How Will DIDO Wireless Networking Change Everything? - riledhel
http://highscalability.com/blog/2011/8/2/how-will-dido-wireless-networking-change-everything.html

======
hadronzoo
> Using this new technology shared spectrum is not limited by Shannon's law at
> all. They can get 10x what Shannon's law is possible. They have 10 radios
> working, all at the Shannon limit on the same frequency and they do not
> interfere with each other at all. They think they can get to 100x, 1000x,
> they don't know what the limit is. They can do 100x what cellular does now
> with the same spectrum. This means no more dead zones. No more drops.

The wireless industry is notorious for snake-oil salesmen. When you actually
claim that your technology violates Shannon channel capacity, it doesn't
inspire much confidence that you understand information theory.

From the description (this is just a guess), it appears that DIDO offloads
channel characterization to a centralized server to reduce the computational
requirements of the clients (similar to AGPS). MIMO techniques (like DIDO) do
not violate Shannon capacity. They improve Eb/N0 by increasing gain through
beam-forming and physical antenna diversity. In addition, DIDO appears to be
using some form of asynchronous spread spectrum (even though they deny using
CDMA, there are many other flavors), which allows all clients to transmit
simultaneously by using orthogonal codes. Spread spectrum techniques also
improve gain at the expense of bandwidth.

While they may have a good implementation, I don't see anything earth
shattering here.

------
VladRussian
>So, if there are 10 APs and 10 users all within range of each other, then 10
radio signals will sum together at each antenna of each user’s device to
produce an independent waveform for each device with only that device’s data.

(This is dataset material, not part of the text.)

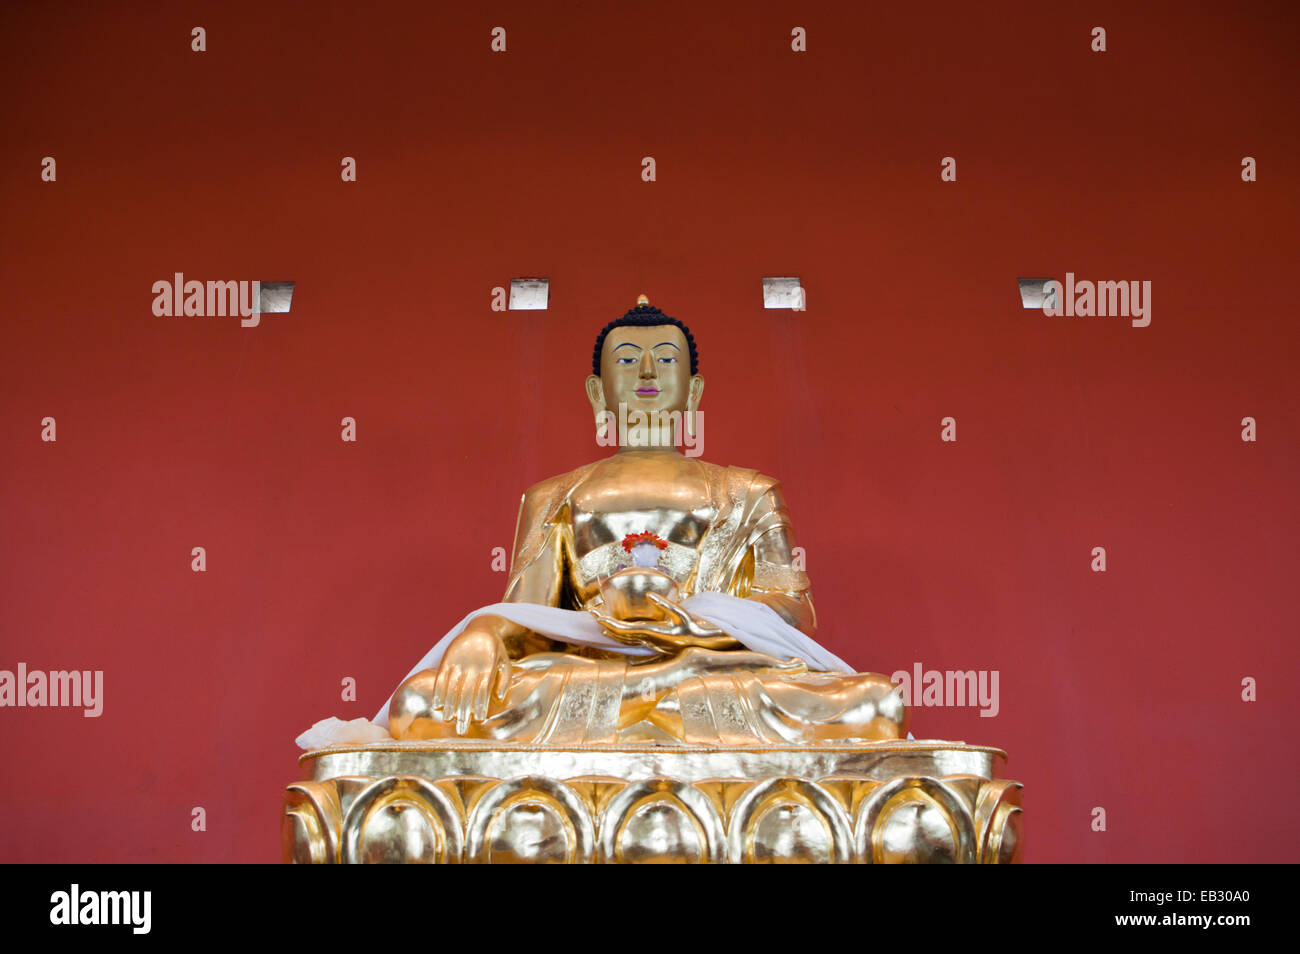 Images de bouddha, Close up visage de Bouddha en or, Malaga, Espagne Banque D'Images

we all know that using 10 AP devices you can generate desired independent
waveforms at 10 or less target positions in space. The question is whether it
is possible for 11, 12, etc... Interference result is a linear combination of
source waverforms. I.e a task sounds like "find M (with M less than N) vectors
satisfying these N linear independent conditions"

------
olliej
Can anyone explain how this differs from the MIMO radios what have been around
for years?